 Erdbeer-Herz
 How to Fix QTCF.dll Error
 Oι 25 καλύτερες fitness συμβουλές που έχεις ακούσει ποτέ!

■ **EXERCISE REQUIREMENTS**:
Beginning with the line containing "How to Fix QTCF.dll Error" and ending with the last line of the listing above, return every line exactly and nothing else.

■ **RESPONSE**:
 How to Fix QTCF.dll Error
 Oι 25 καλύτερες fitness συμβουλές που έχεις ακούσει ποτέ!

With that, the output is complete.